-- YOUR GOAL --
In the entries that follow, the lines from the line containing "Three horses on a hill Stock Photo" up to and including the line containing "Hello Kitty Café in Las Vegas" must be copied exactly, with pictures omitted.

-- DATA TO USE --
********************

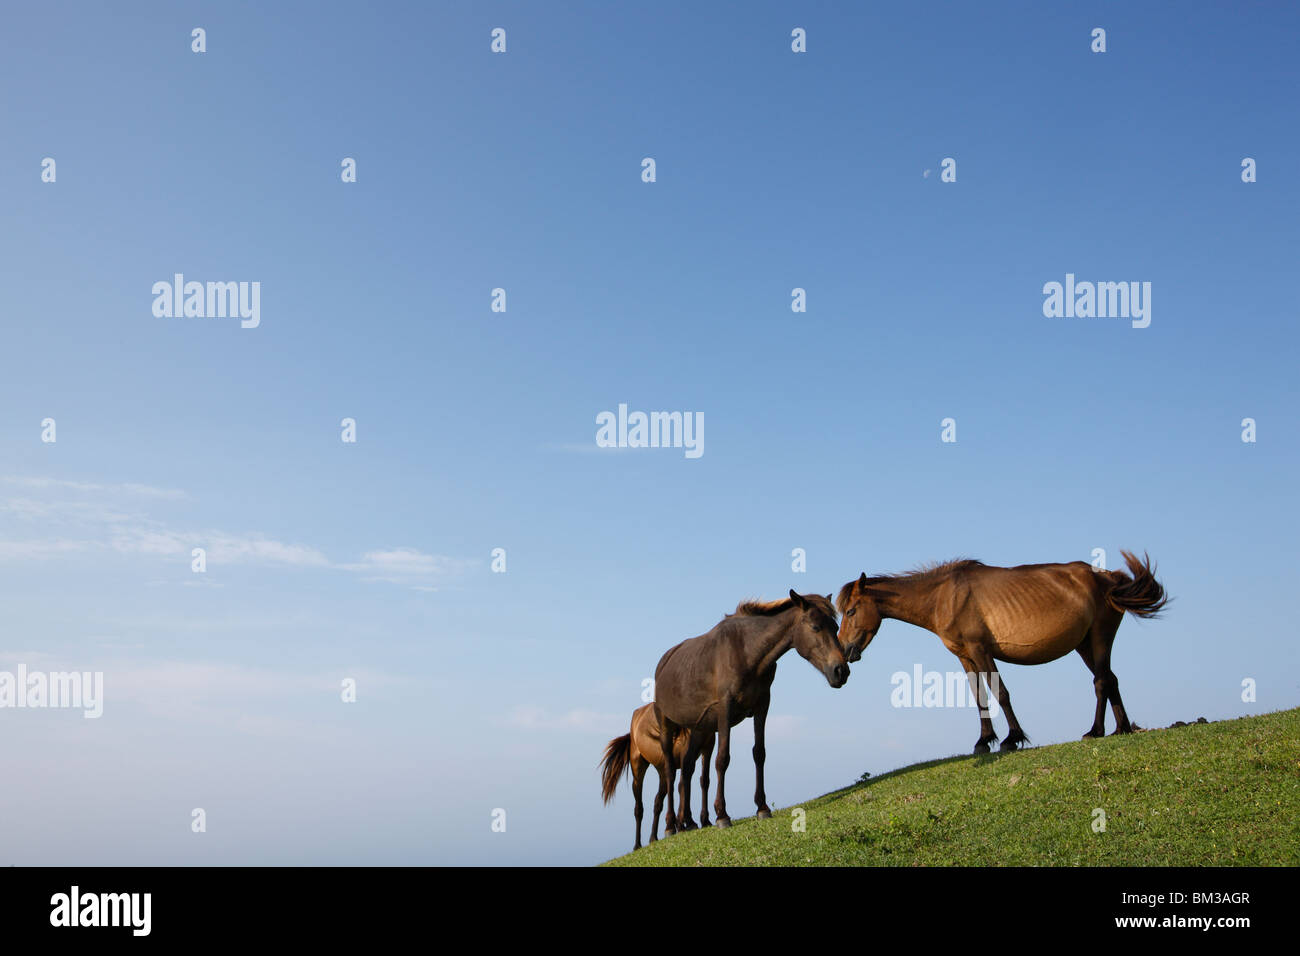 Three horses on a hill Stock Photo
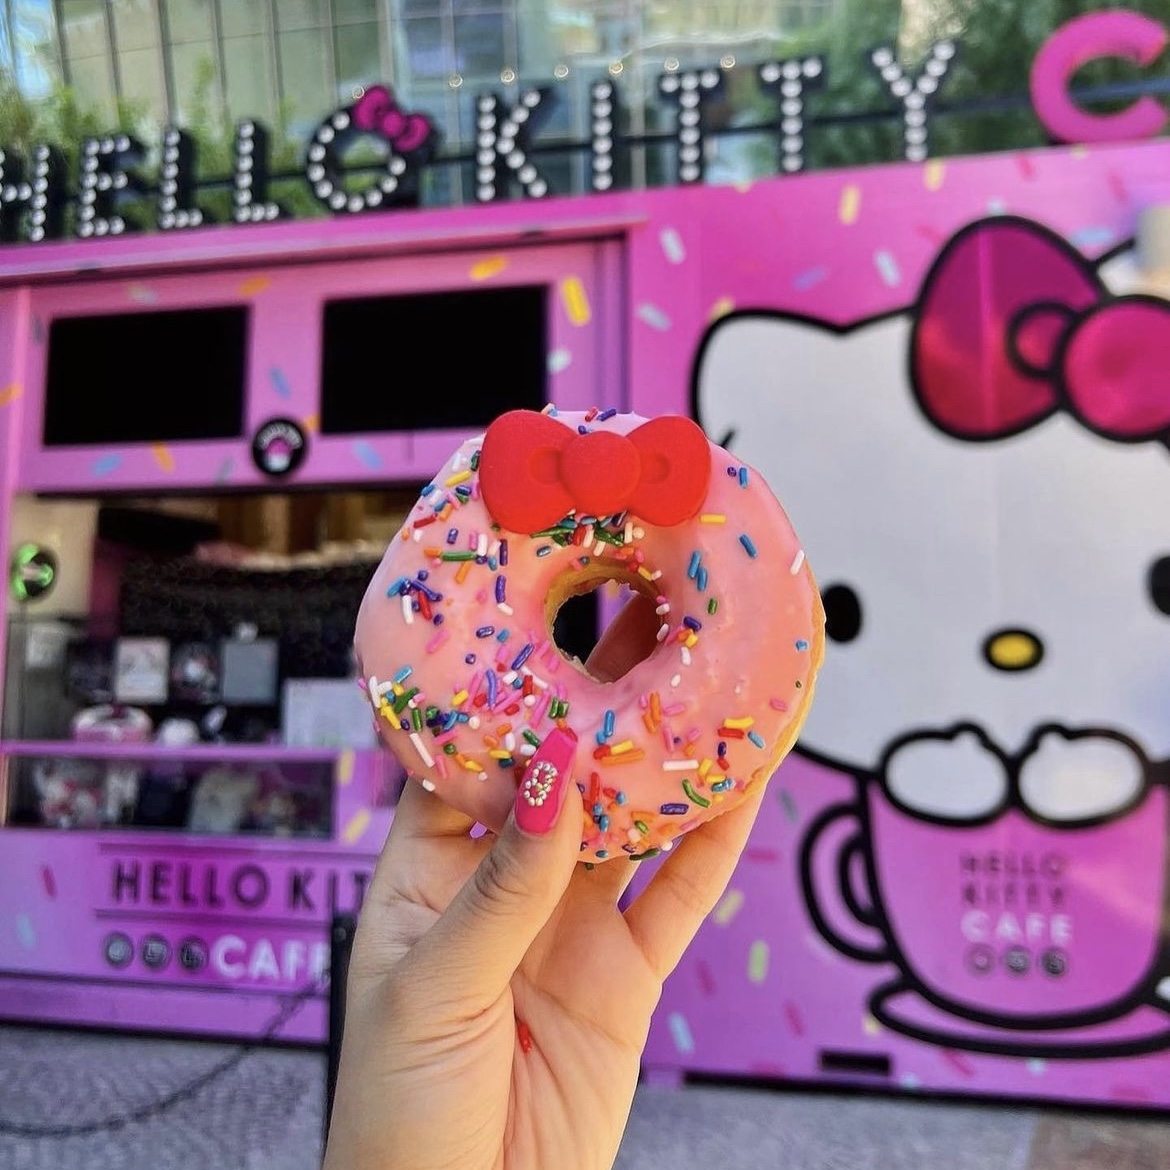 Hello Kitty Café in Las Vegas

********************

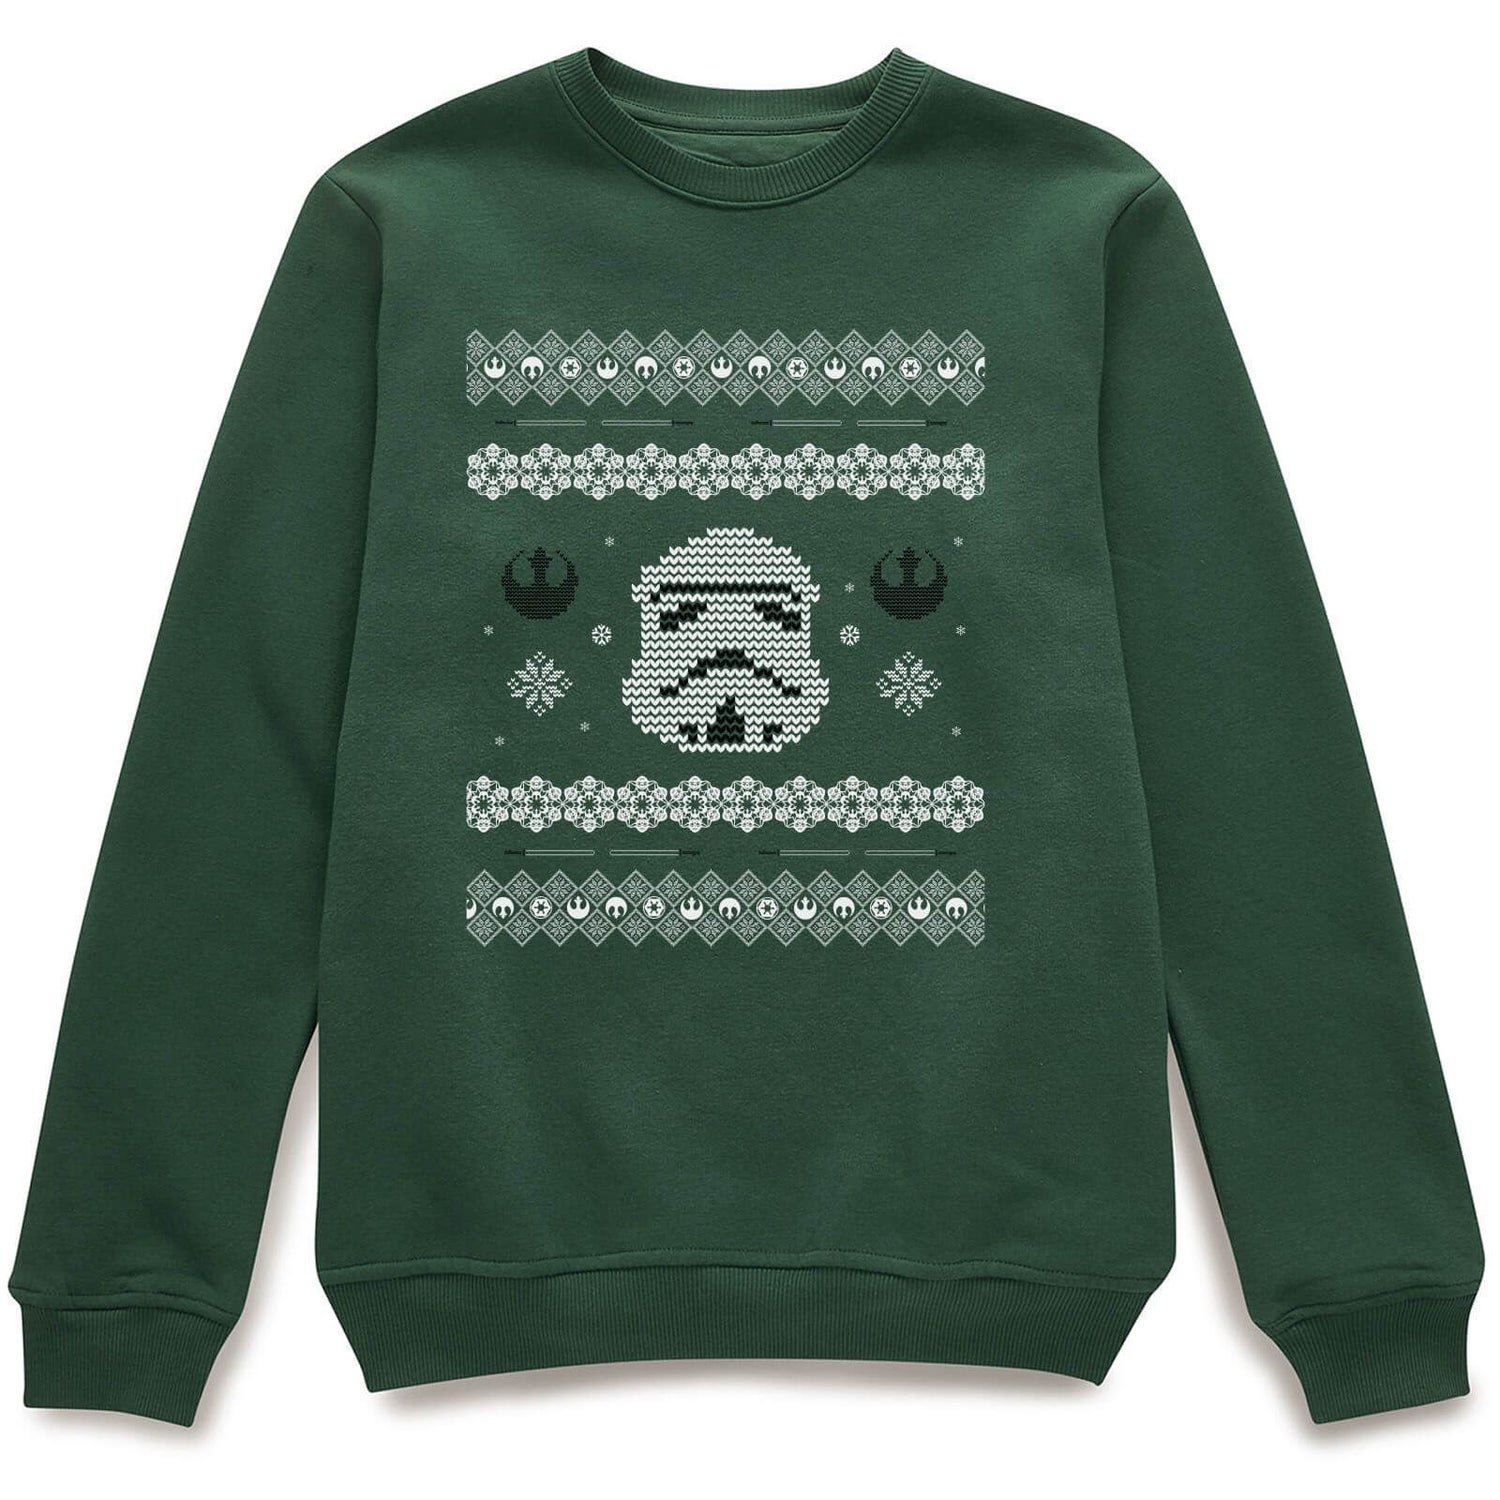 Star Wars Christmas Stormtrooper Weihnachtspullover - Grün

********************

-- EXERCISE RESULT --
 Three horses on a hill Stock Photo
 Hello Kitty Café in Las Vegas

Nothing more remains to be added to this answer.